Dans un récent article, le P. Jean-Dominique o.p. rappelle avec quel intérêt les protestants de Taizé ont accueilli l’enseignement non-dogmatique de Vatican II : « L’intention du Concile est de quitter un vocabulaire trop statique et notionnel pour adopter résolument un langage dynamique et vivant. La relation va être envisagée, dans tout ce texte magnifique (Dei Verbum, document conciliaire sur la Révélation, ndlr), comme la Parole vivante que le Dieu vivant adresse à l’Eglise vivante composée de membres vivants… Tout ce texte sur la révélation va être dominé par les thèmes évangéliques fondateurs de parole, de vie et de communion.
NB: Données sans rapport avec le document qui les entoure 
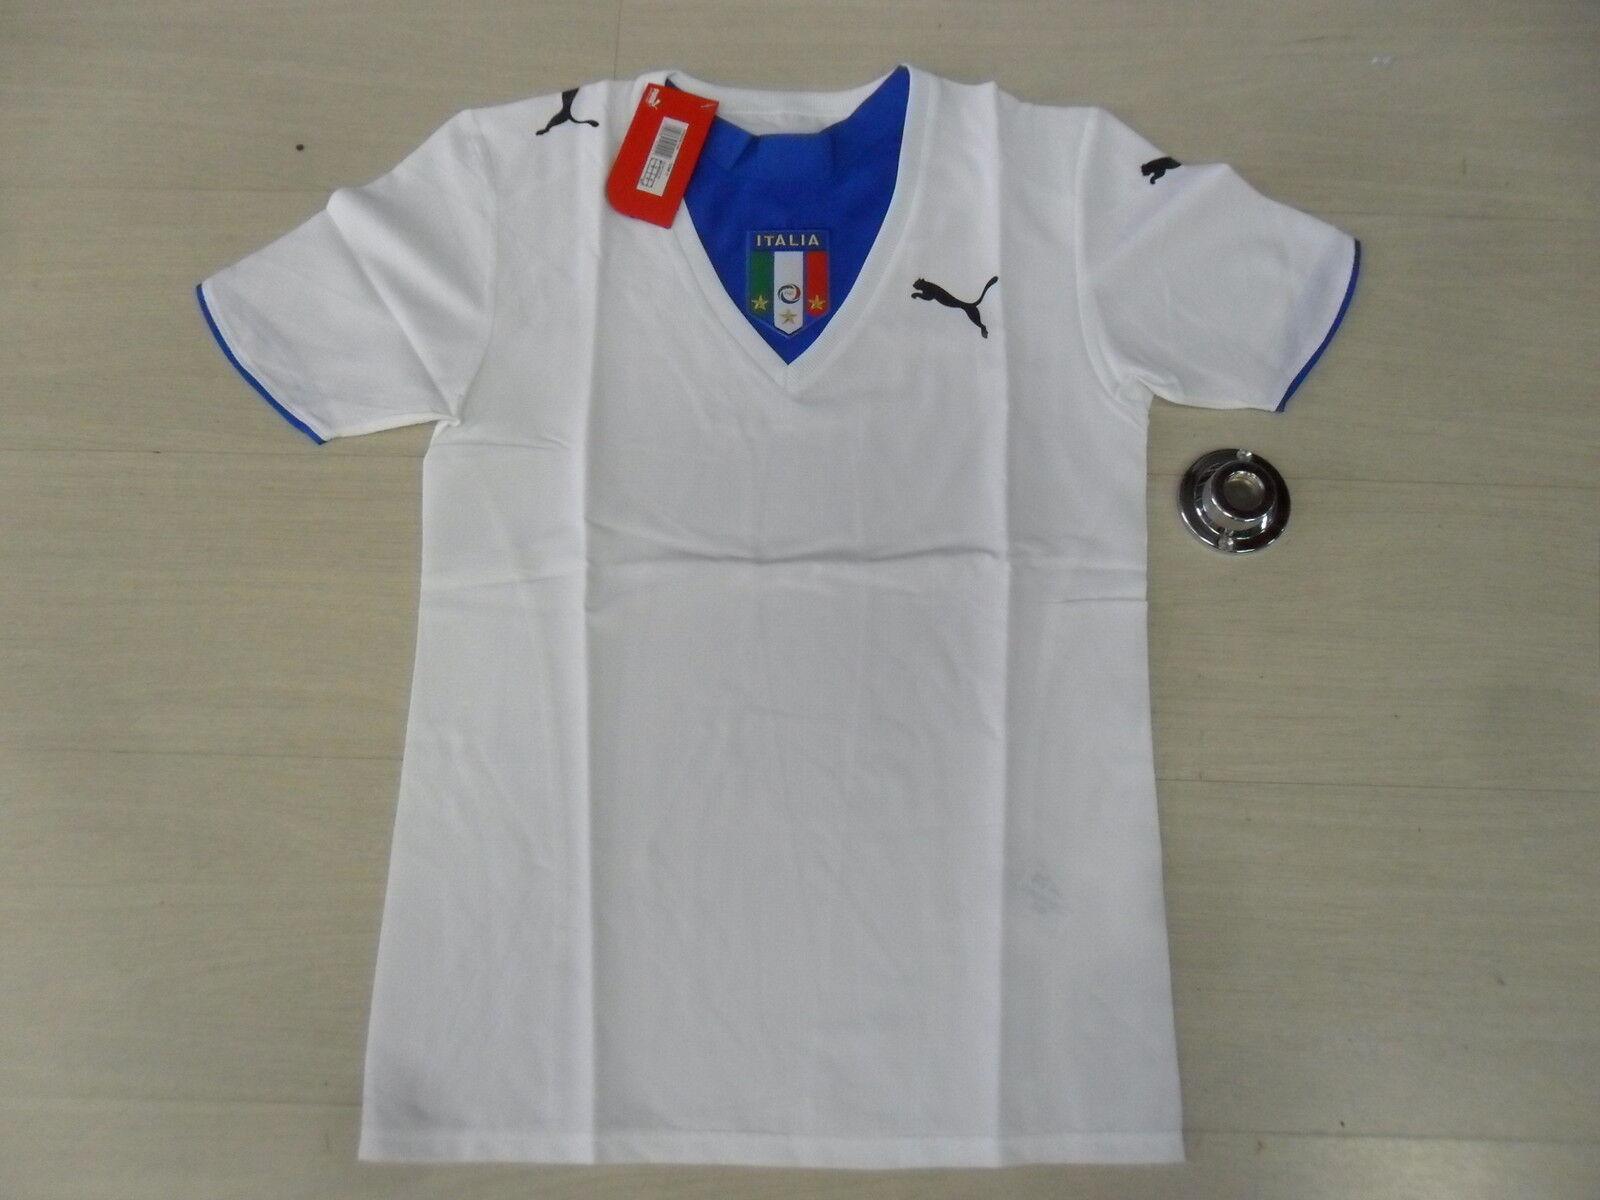 0950 TG XL ITALIA ITALIË CAISETA 3 STELLE UNA manERA ALEmanIA 2006 SHART

La Parole de Dieu, c’est le Christ vivant que Dieu donne aux hommes pour établir entre lui et eux, et entre eux, la communion de l’Esprit dans l’Eglise. » Ainsi l’Eglise renonçait-elle « à parler de l’accueil de la révélation en termes de soumission à l’autorité » pour parler en premier lieu d’une « foi personnelle qui accueille la révélation de Dieu » (Roger Schutz et Max Thurian, La Parole vivante au Concile, Les Presses de Taizé, 1966, p.77–78., cité par le P. Jean-Dominique, Concile ou révolution ? in Le Chardonnet juillet 2013, p. 6).
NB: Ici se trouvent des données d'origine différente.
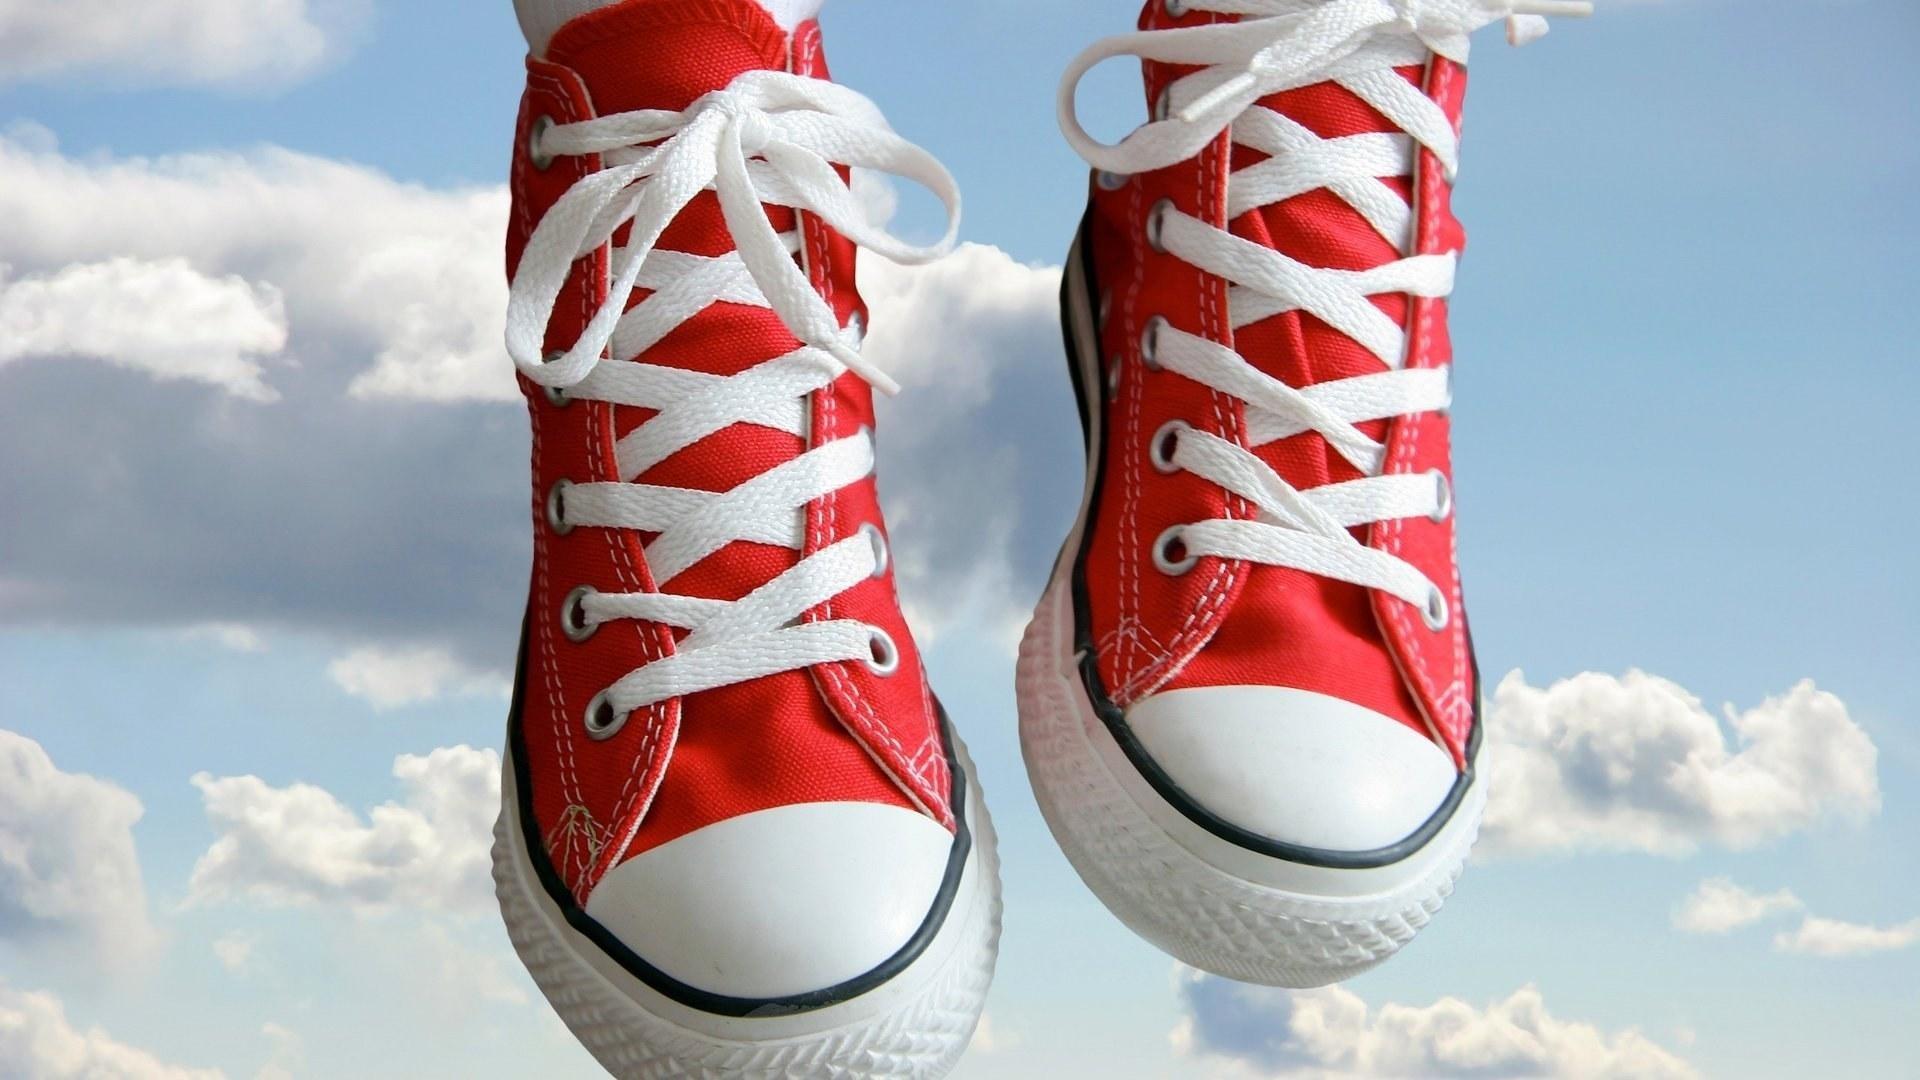 Shoes a wallpaper

C’est cette volonté de ne plus recourir aux définitions dogmatiques que déplore la Déclaration des évêques de la Fraternité Saint-Pie X du 27 juin 2013 :
« Nous sommes bien obligés de constater que ce Concile atypique, qui a voulu n’être que pastoral et non pas dogmatique, a inauguré un nouveau type de magistère, inconnu jusqu’alors dans l’Eglise, sans racines dans la tradition ; un magistère résolu à concilier la doctrine catholique avec les idées libérales ; un magistère imbu des principes modernistes du subjectivisme, de l’immanentisme et en perpétuelle évolution selon le faux concept de tradition vivante (que l’on trouve également chez Maurice Blondel, ndlr), viciant la nature, le contenu, le rôle et l’exercice du magistère ecclésiastique. »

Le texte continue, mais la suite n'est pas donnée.